What to work on - Below this line is a listing that includes pictures. Copy exactly, and only, the lines from the one containing "Jehovah's Witnesses go" through the one containing "The North Face Chilkat II Boot - Boys"; the pictures do not go in the copy.

Supplied records -
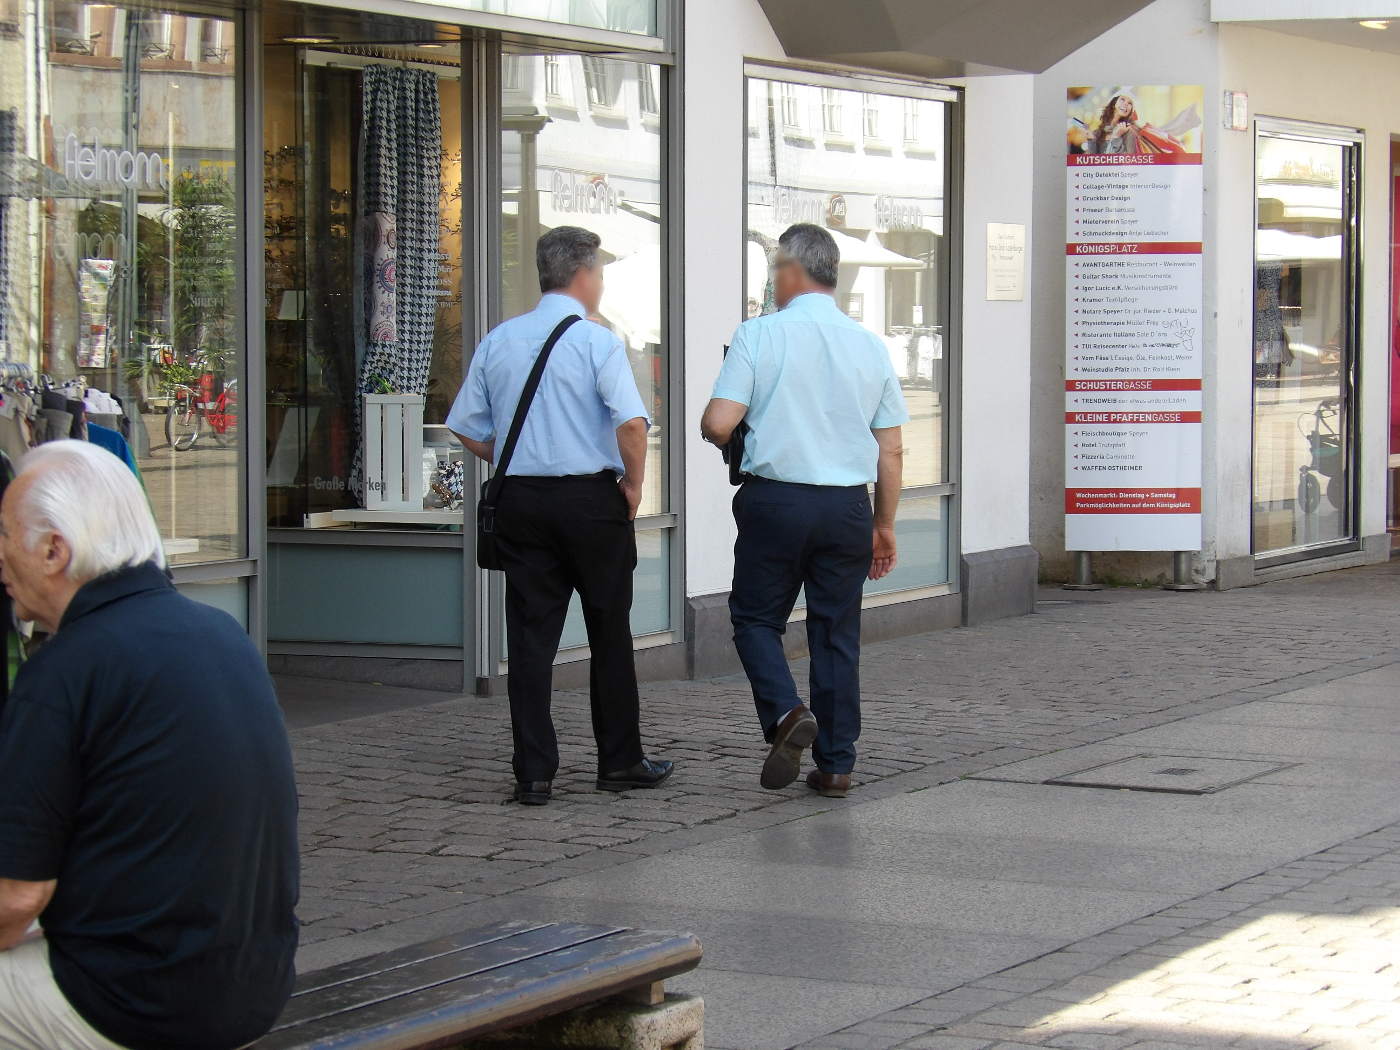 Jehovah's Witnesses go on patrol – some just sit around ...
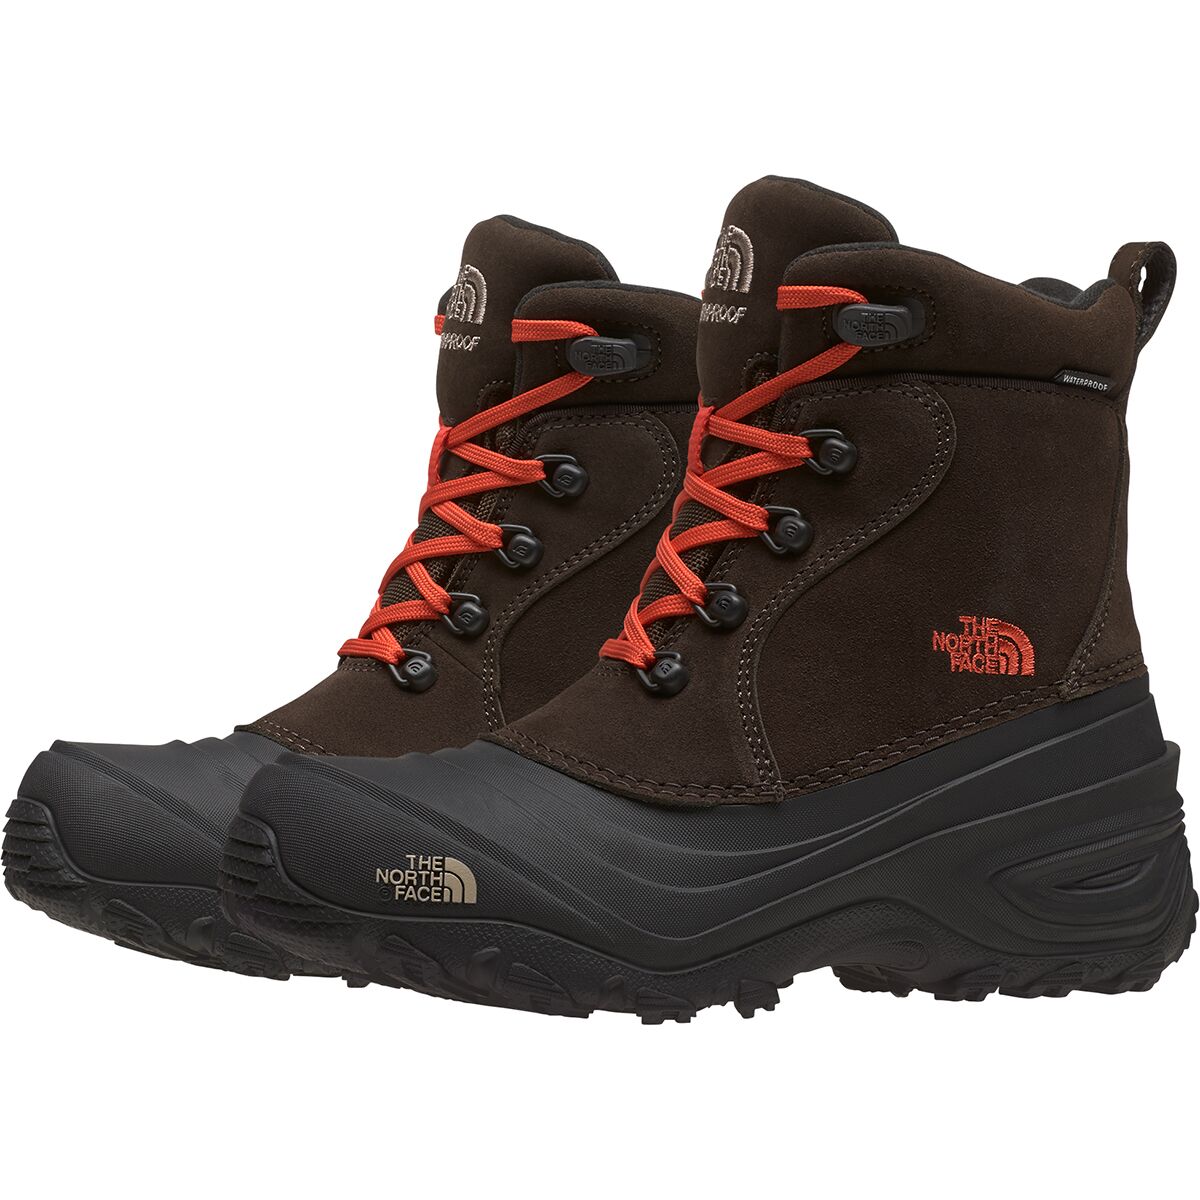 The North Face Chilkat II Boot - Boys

==

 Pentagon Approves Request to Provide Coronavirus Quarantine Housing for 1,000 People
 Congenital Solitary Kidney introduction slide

Task result -
 Jehovah's Witnesses go on patrol – some just sit around ...
 The North Face Chilkat II Boot - Boys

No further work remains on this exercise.